Characterization of biochemical dysfunction.

The intracellular formation of ROS was detected using the fluorogenic probe H2DCFDA. Cells (2 × 106) were incubated with and without sulforaphane and mitochondrial inhibitors for 24 h, washed with PBS, and then incubated further with 20 μmol/l H2DCFDA for 45 min, washed again, and analyzed by flow cytometry. Shorter incubations of 1-h preincubation in hyperglycemia with and without mitochondrial inhibitors were also performed by microplate fluorescence measurements, normalizing the fluorescence intensity to cell number. The effect of treatments on cell viability was assessed by Trypan blue exclusion.

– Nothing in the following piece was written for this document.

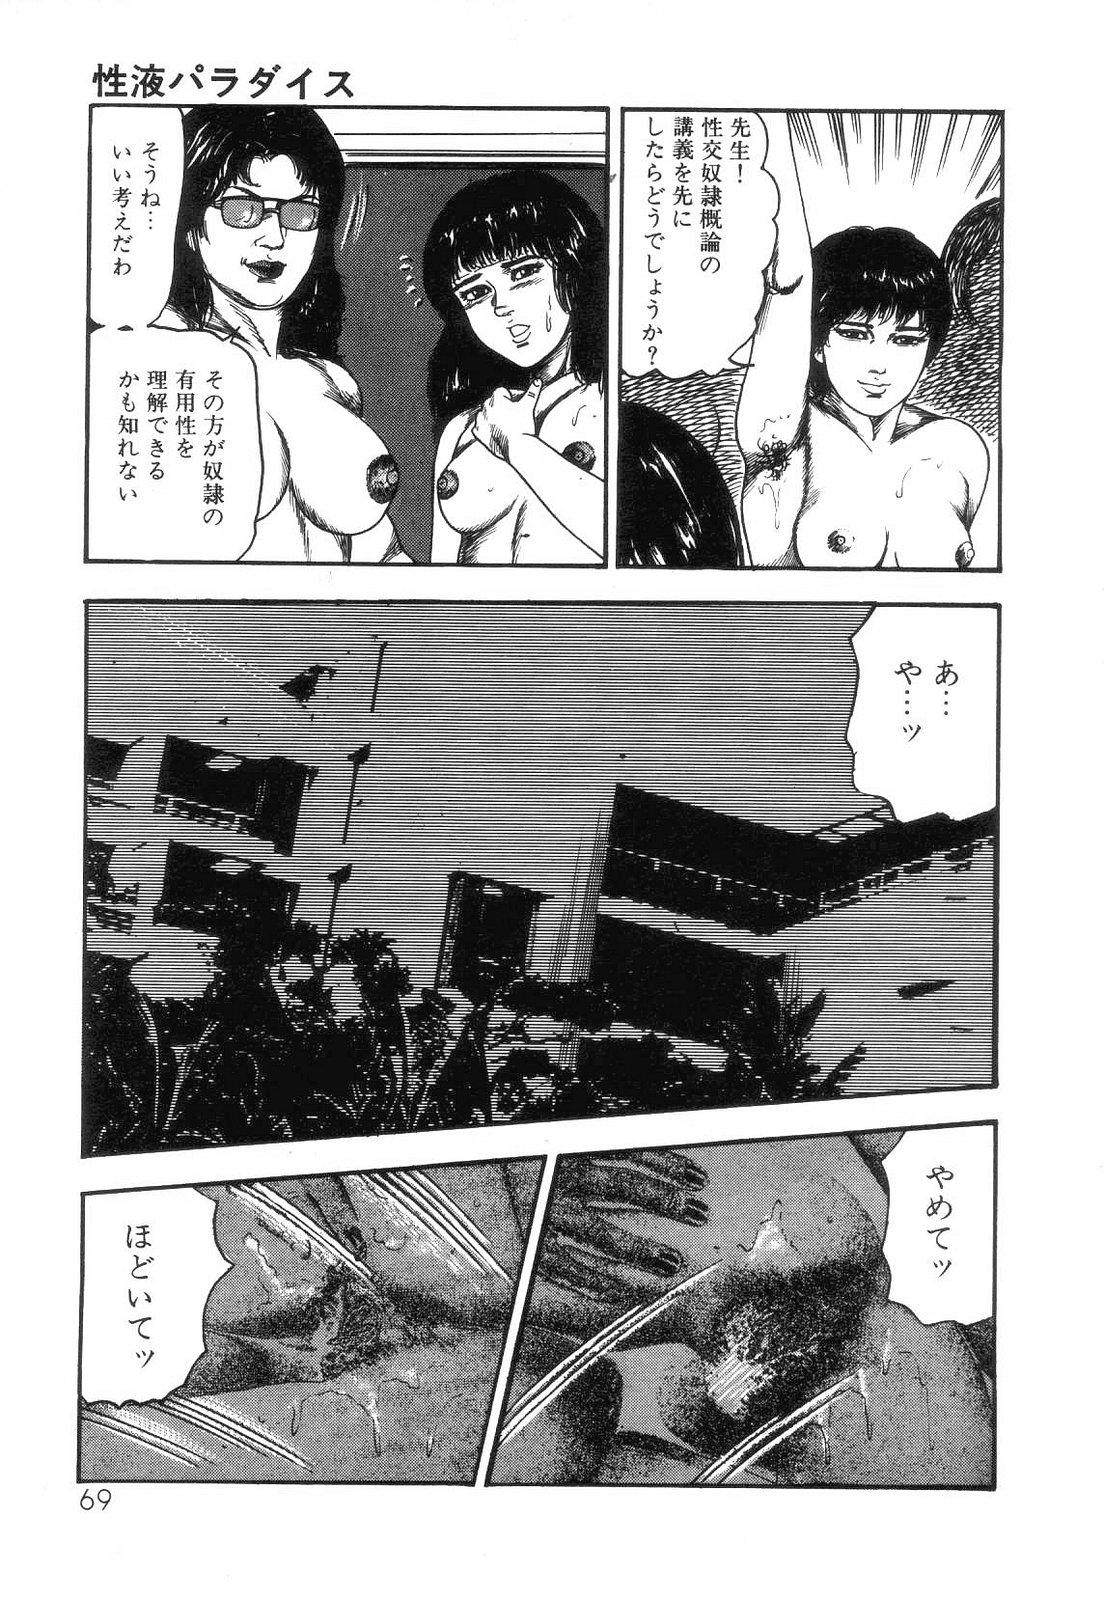 Shiro no Mokushiroku Vol. 4 - Bichiku Karen no Shou 70
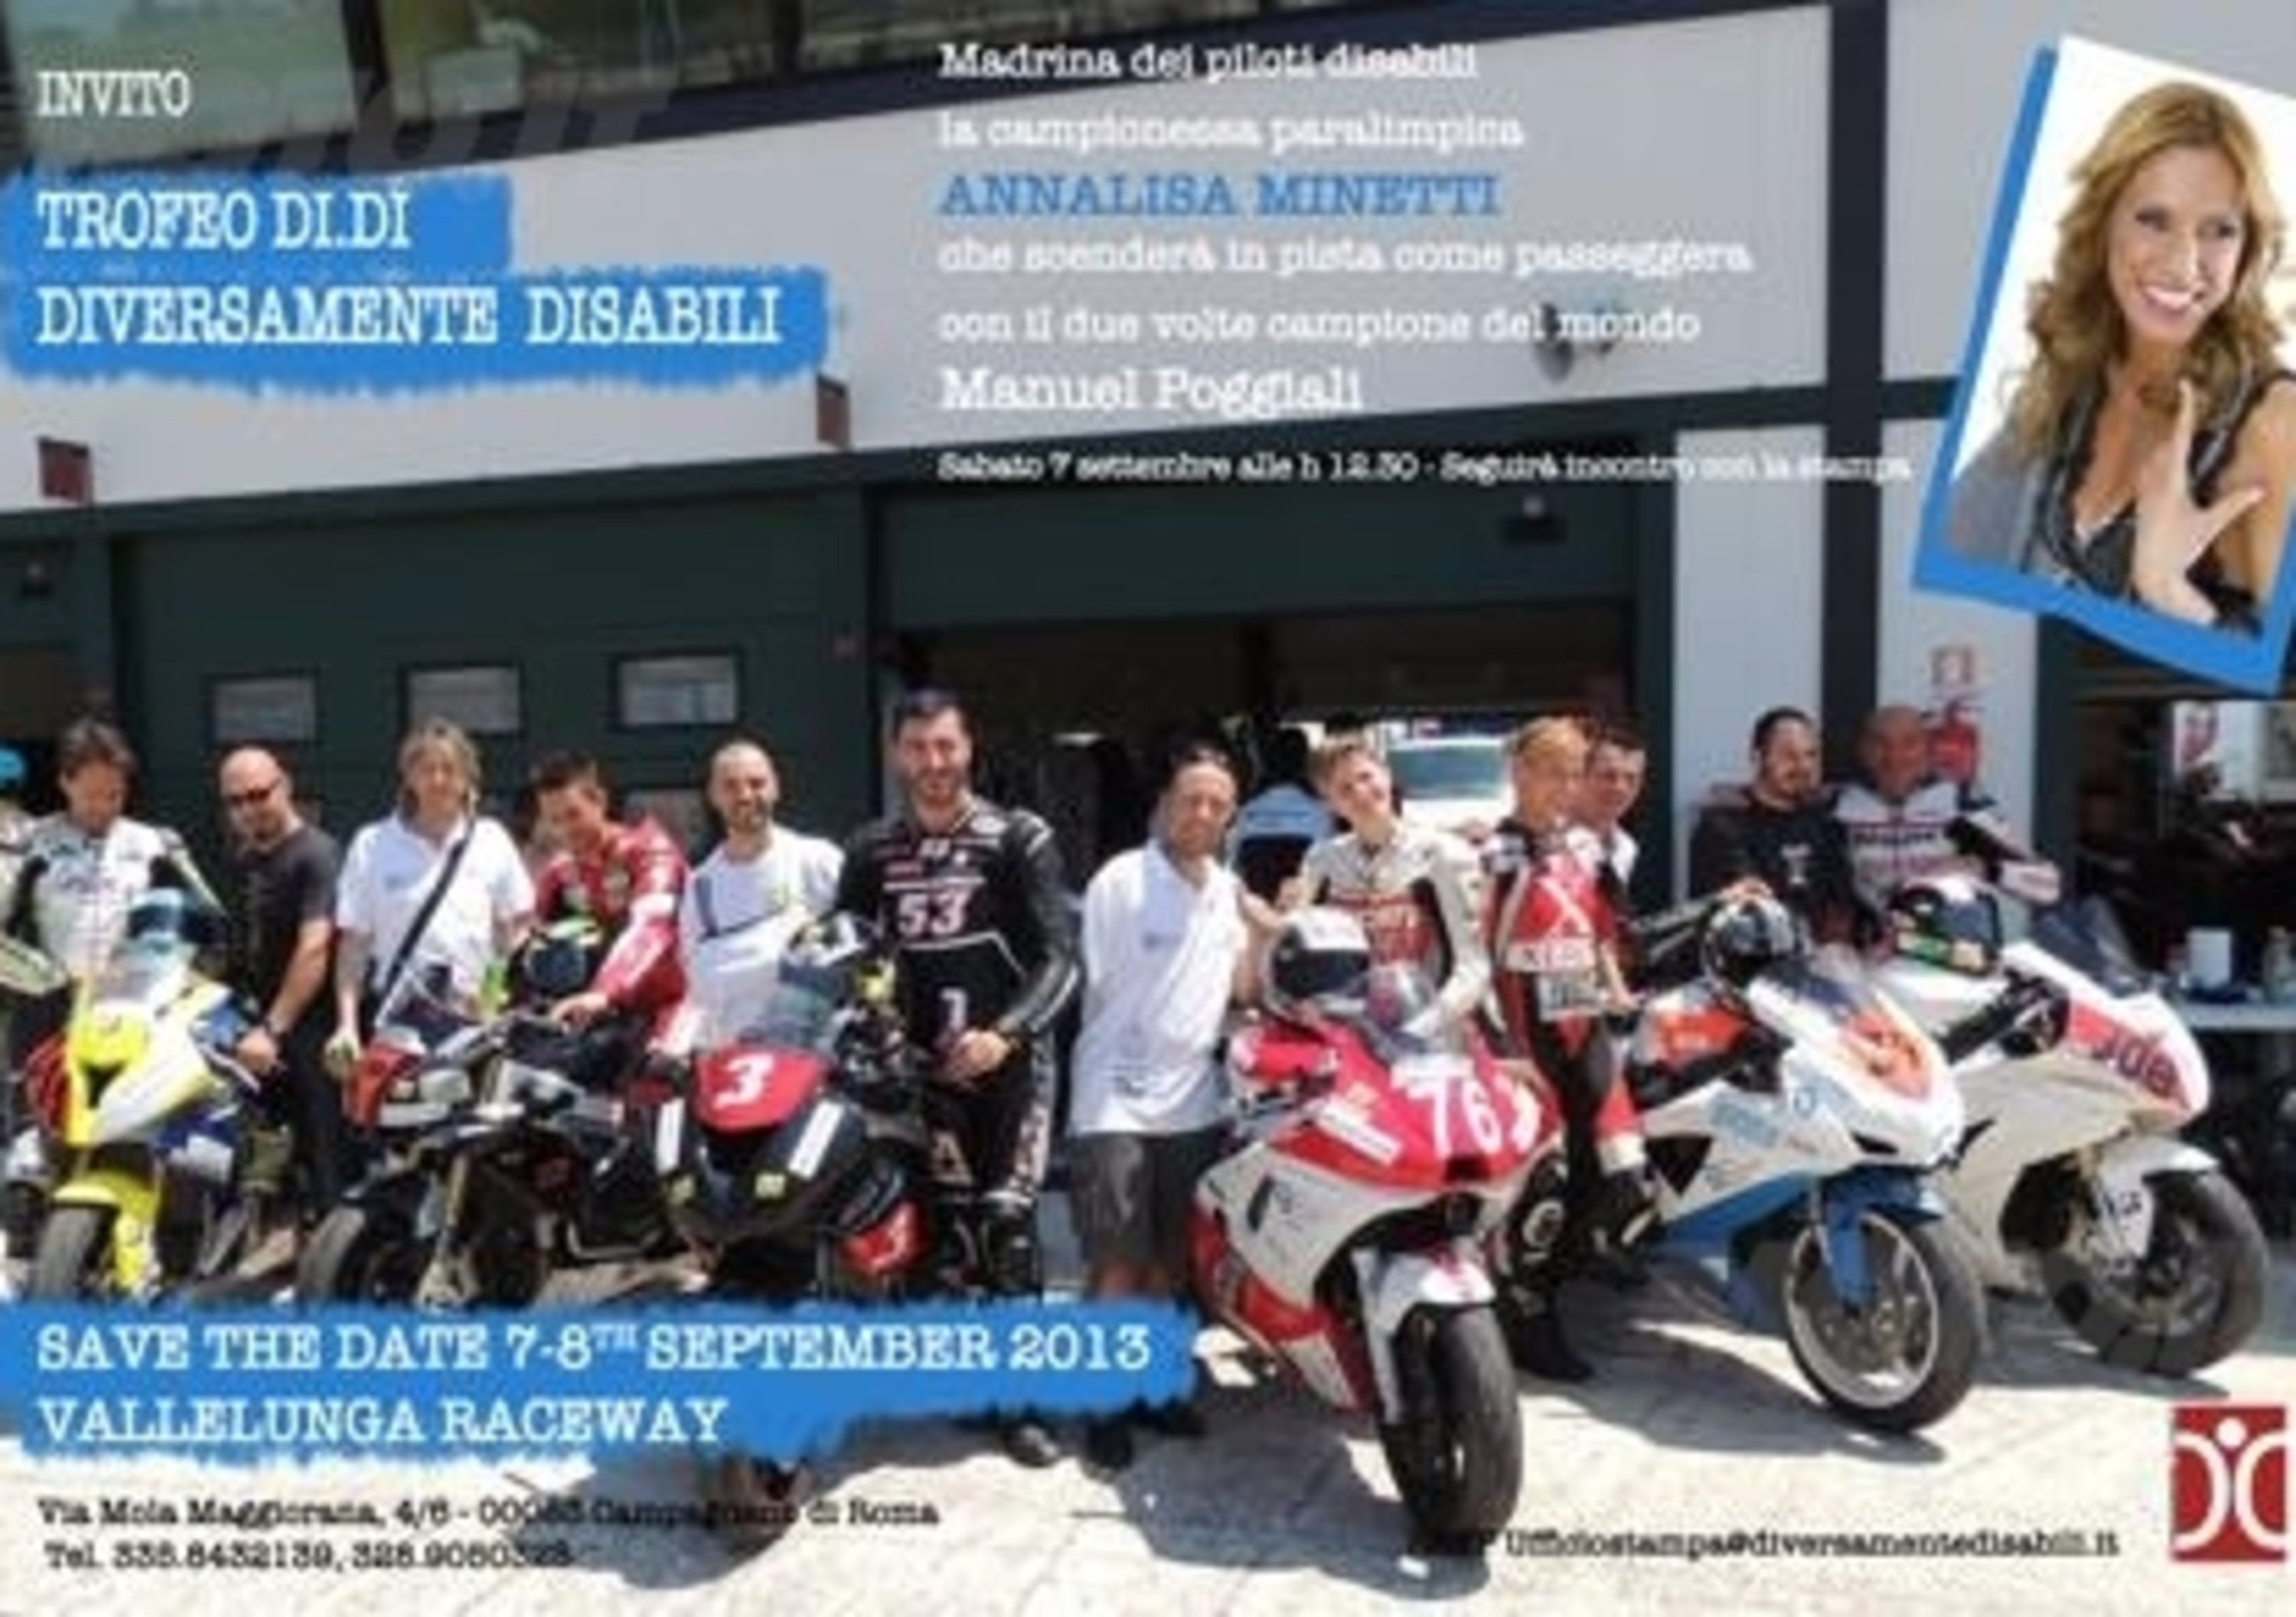 Il Team motociclistico Diversamente Disabili a Vallelunga

Hexosamine pathway activity was assessed by a quantitative dot Western blot assay for O-linked N-acetylglucosamine modified protein. Cytosolic protein extracts (0.7 μg in 5 μl PBS) were immunoblotted with RL2 antibody (1:800 dilution in blocking buffer) for 3 h at room temperature, blocked with 10% BSA, and washed (30). The immunocomplexes were detected with Alexa Fluor 488 rabbit anti-mouse IgG (1:700 dilution) and quantified by microplate fluorimetry. The concentrations of methylglyoxal in HMEC-1 cells and medium of cultures with and without sulforaphane were determined by derivatization with 1,2-diaminobenzene and quantitation by liquid chromatography with tandem mass spectrometric detection and stable isotopic dilution analysis (12). PKC activity was assayed in membrane and particulate fractions of HMEC-1 cells with exogenous diacylglycerol (1,2-dioleoyl-sn-glycerol; DAG) activator and epidermal growth factor receptor peptide fragment VRKRTLRRL as substrate (9).

Statistical analyses.

All statistical analyses were performed using paired Student's t test, and results are expressed as means ± SD. A P value <0.05 was considered to be significant.

Activation of nrf2 and ARE-linked gene expression in endothelial cells by the dietary activator sulforaphane.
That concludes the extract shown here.